Time zone update. A user changed their time zone after we evaluated them. We sent at 9 AM old time zone, which is now 3 AM in their new one. Sad but unavoidable. Mitigation: re-evaluate the row’s local_hour at send time, not just query time.
The threshold changes. A user lowered their threshold from $100 to $20. Tomorrow’s query naturally picks them up at the new threshold. No backfill needed.
Why I would NOT do this in a streaming job
Tempting design: “send the notification the moment the balance drops below the threshold.” Two problems:
- Need to suppress duplicates across a day, including across pauses in the stream. Stream state must persist for 24 hours per user.
- Quiet hours mean the event needs to be delayed until morning. Now you need a “send later” queue.
- A failed pipeline silently drops notifications.
A daily batch job, run hourly per time zone, with a unique constraint dedup, is simpler and equally good for this use case. Real-time would matter if the SLA were “within 5 minutes of the balance dropping,” but it is not.
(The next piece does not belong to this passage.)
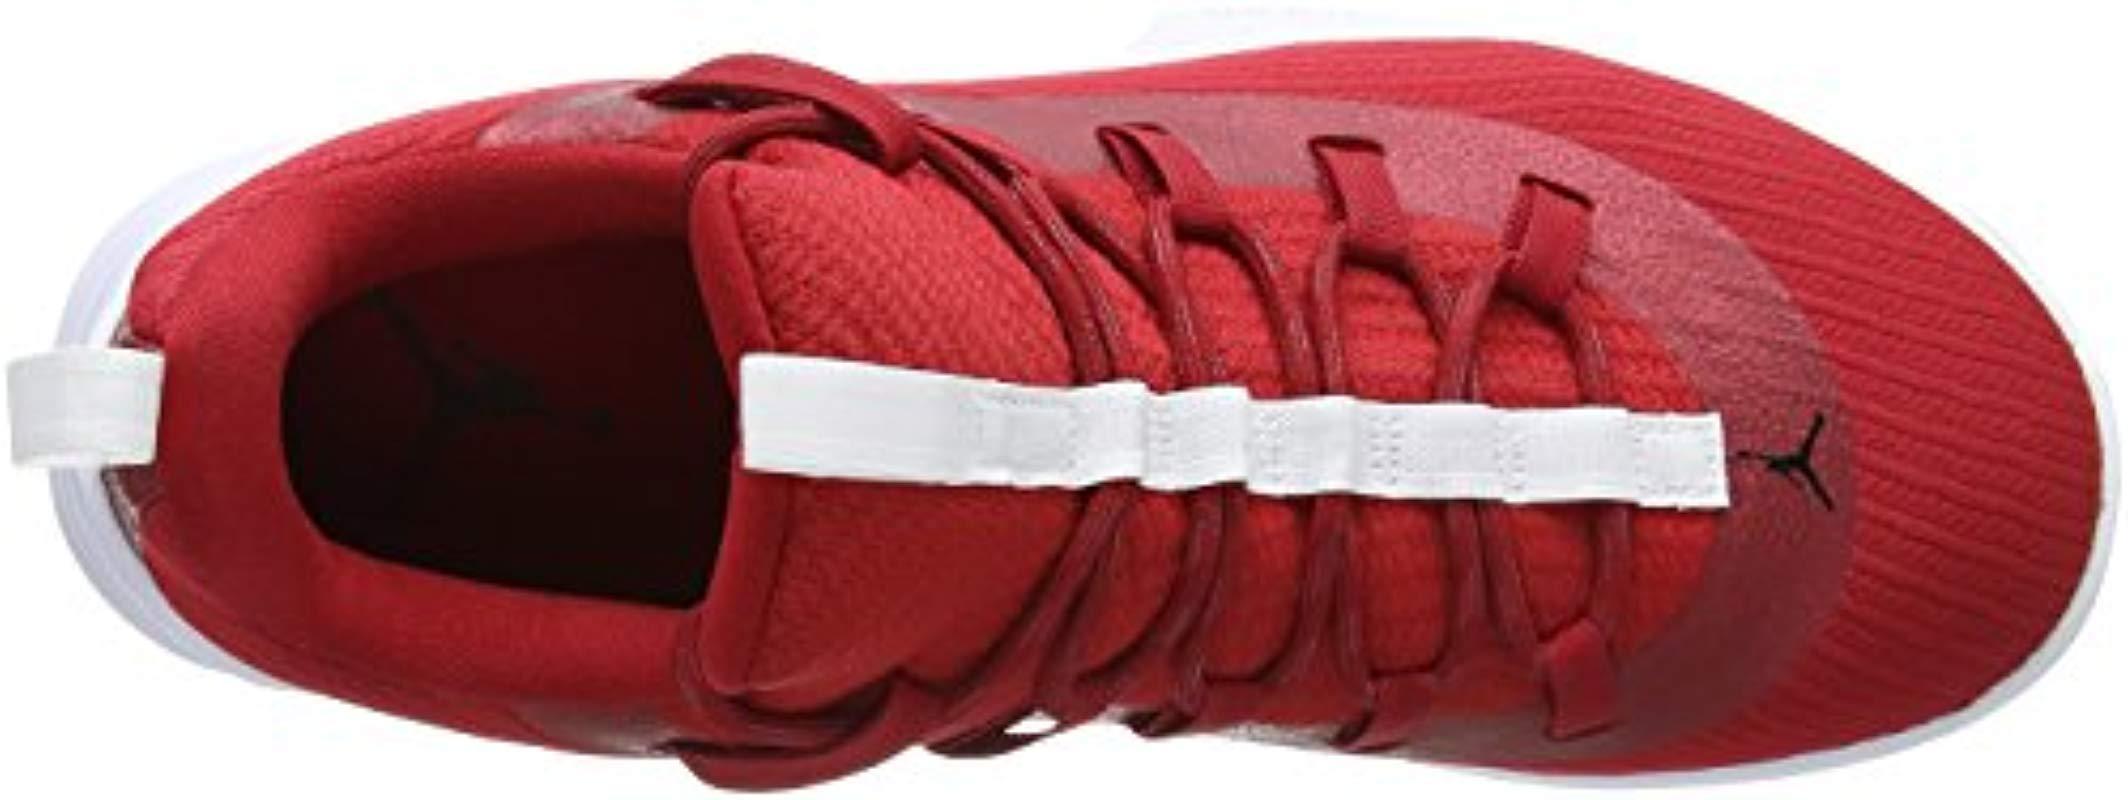 buy popular b8aee bfdf1 Nike Jordan Ultra Fly 2 Low Basketball Shoes in Red ...

Common mistakes interviewers want you to name
- No unique constraint. Retries duplicate notifications.
- One global cron. Wakes up users at 3 AM.
- Insert row AFTER push. Crash window: push sent, no record, retry sends again.
- Inferring time zone from the device IP. Inaccurate and creepy.
- Same template for every user. Should be localized.
Bonus follow-up the interviewer might throw
“How would you handle a customer who responds ‘stop’ to the notification?”
The response is a customer-care channel signal. Route it back into the account record as an opt-out on this specific notification type. The next day’s eligibility query filters them out. The opt-out is per notification type so they can still get fraud alerts even if they muted low-balance notifications.